Another important point is that people are used to 10-based system and in that system only results of division by numbers in a form of 2^a*5^b can be represented using a finite number of digits. For every other rational number even if you somehow store it in the exact form, you will have to do some truncation and rounding at the formatting for human usage stage.
Potentially there are infinitely many ways to store numbers. In practice only a few are widely used:
floating point numbers with two major branches of binary (this is what most today's hardware natively implements and what is support by most of the languages as float or double) and decimal. This is the format that store mantissa and exponent (can be negative), so the number is mantissa * base^exponent (I omit sign and just say it is logically a part of the mantissa although in practice it is usually stored separately). Binary vs. decimal is specified by the base. For example 0.5 will be stored in binary as a pair (1,-1) i.e. 1*2^-1 and in decimal as a pair (5,-1) i.e. 5*10^-1. Theoretically you can use any other base as well but in practice only 2 and 10 make sense as the bases.

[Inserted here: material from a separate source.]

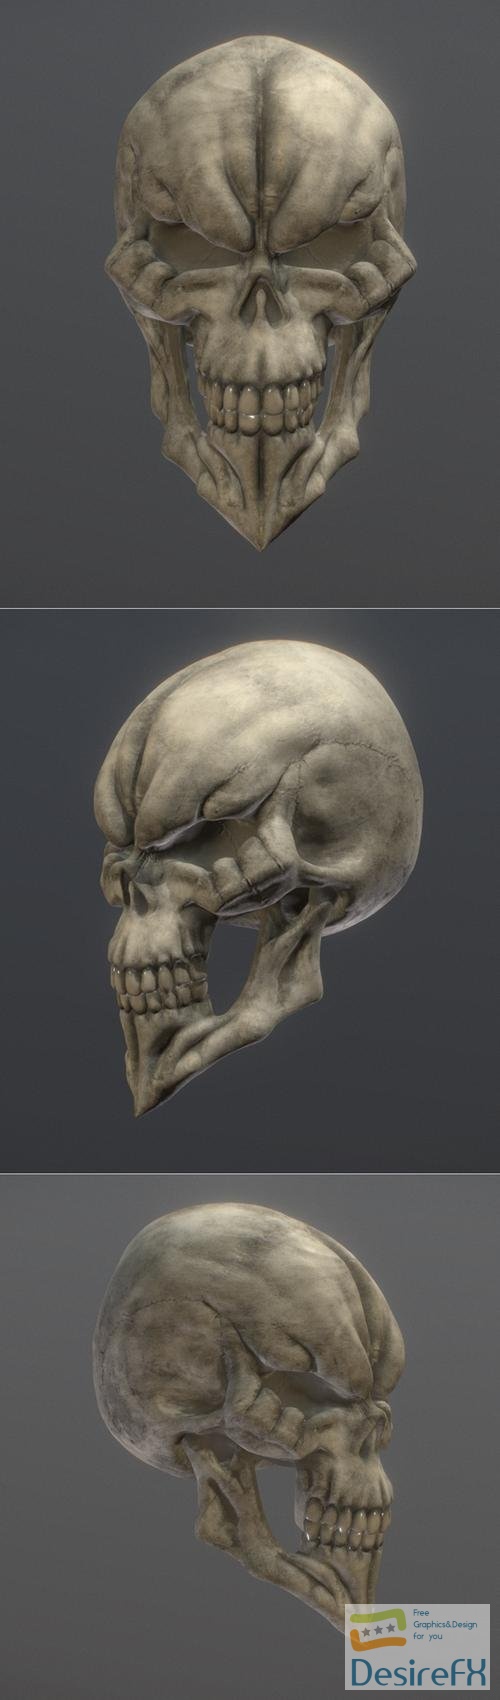 King of the Dead Skull – 3D Print

fixed point numbers with the same division in binary and decimal. The idea is the same as in floating point numbers but some fixed exponent is used for all the numbers. What you suggests is actually a decimal fixed point number with the exponent fixed at -3. I've seen a usage of binary fixed-point numbers on some embedded hardware where there is no built-in support of floating point numbers, because binary fixed-point numbers can be implemented with reasonable efficiency using integer arithmetic. As for decimal fixed-point numbers, in practice they are not much easier to implement that decimal floating-point numbers but provide much less flexibility.

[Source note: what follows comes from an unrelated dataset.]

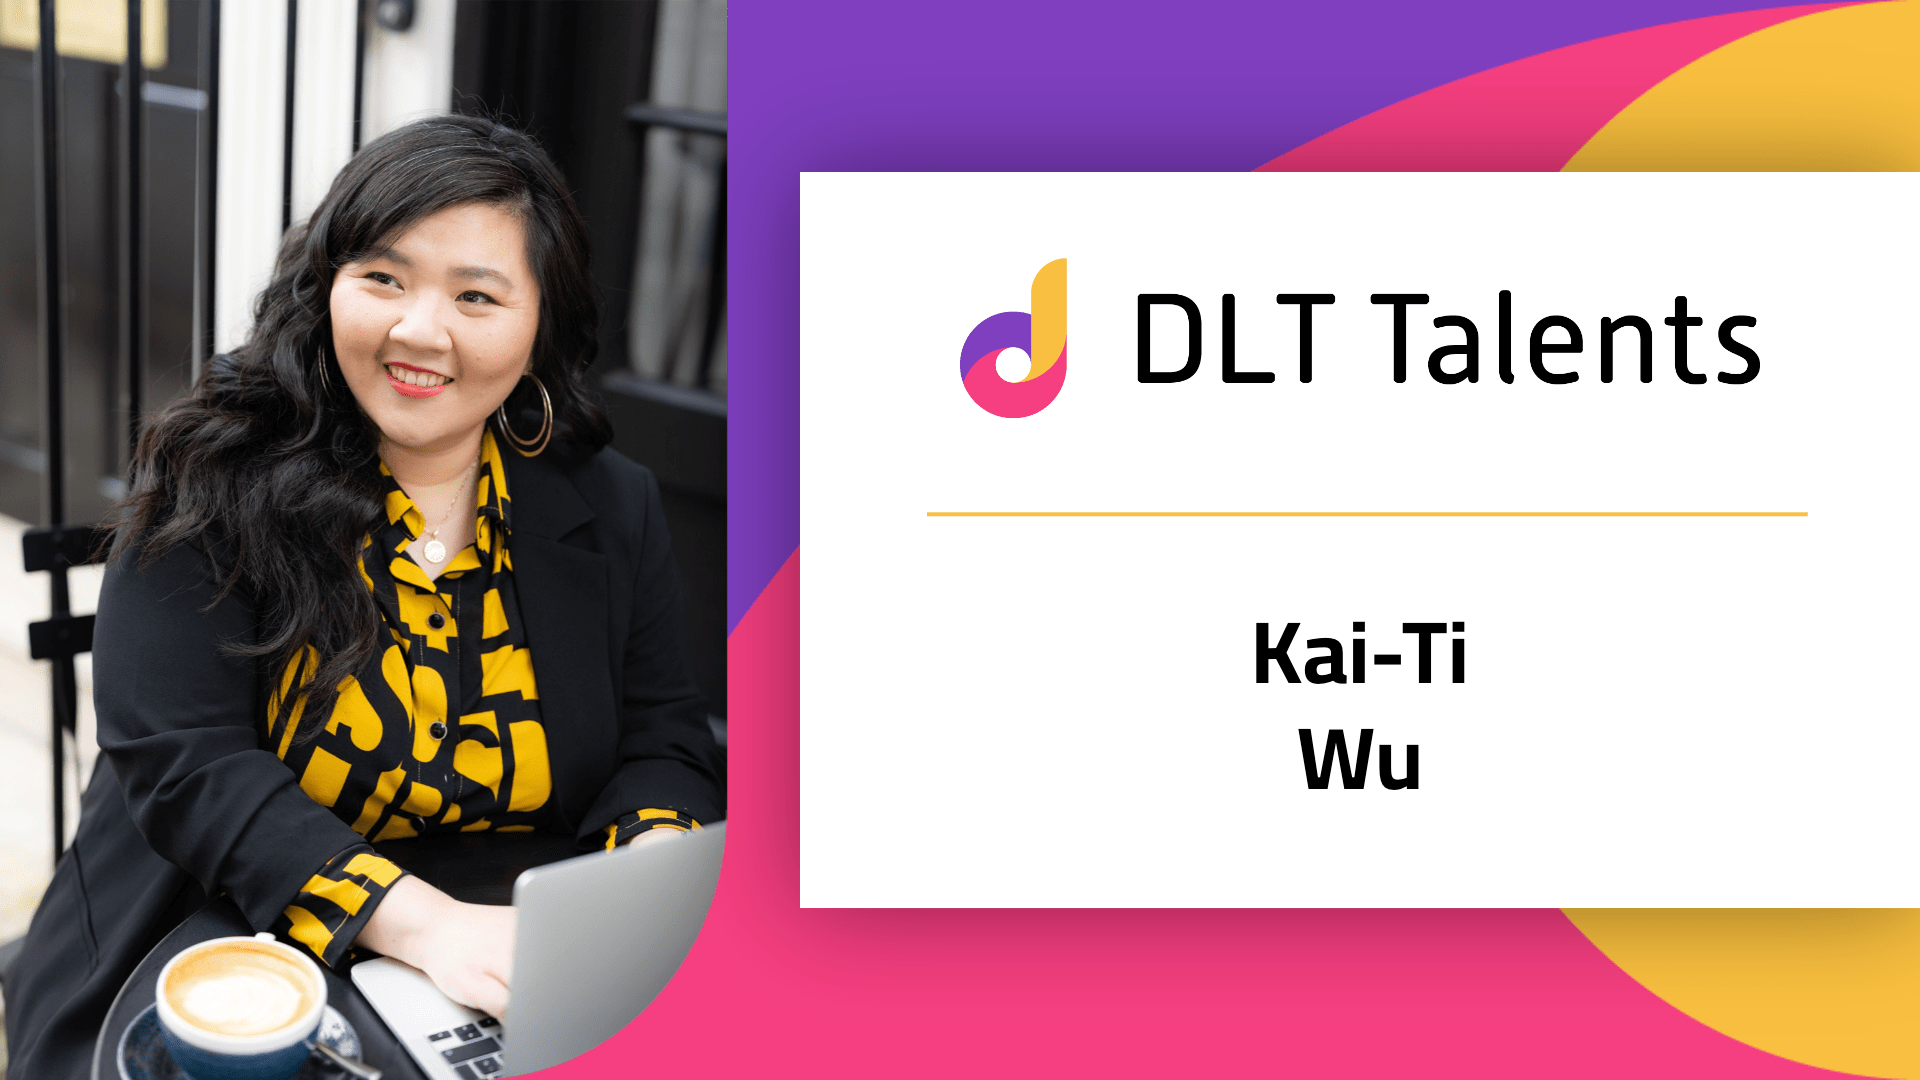 DLT Talents Mentor – Kai-Ti Wu

rational numbers format i.e. the value is stored as a pair of (p, q) which represents p/q (and usually q>0 so sign stored in p and either p=0, q=1 for 0 or gcd(p,q) = 1 for every other number). Usually this requires some big integer arithmetic to be useful in the first place (here is a Go example of math.big.Rat). Actually this might be an useful format for some problems and people often forget about this possibility, probably because it is often not a part of a standard library. Another obvious drawback is that as I said people are not used to think in rational numbers (can you easily compare which is greater 123/456 or 213/789?) so you'll have to convert the final results to some other form. Another drawback is that if you have a long chain of computations, internal numbers (p and q) might easily become very big values so computations will be slow. Still it may be useful to store intermediate results of calculations.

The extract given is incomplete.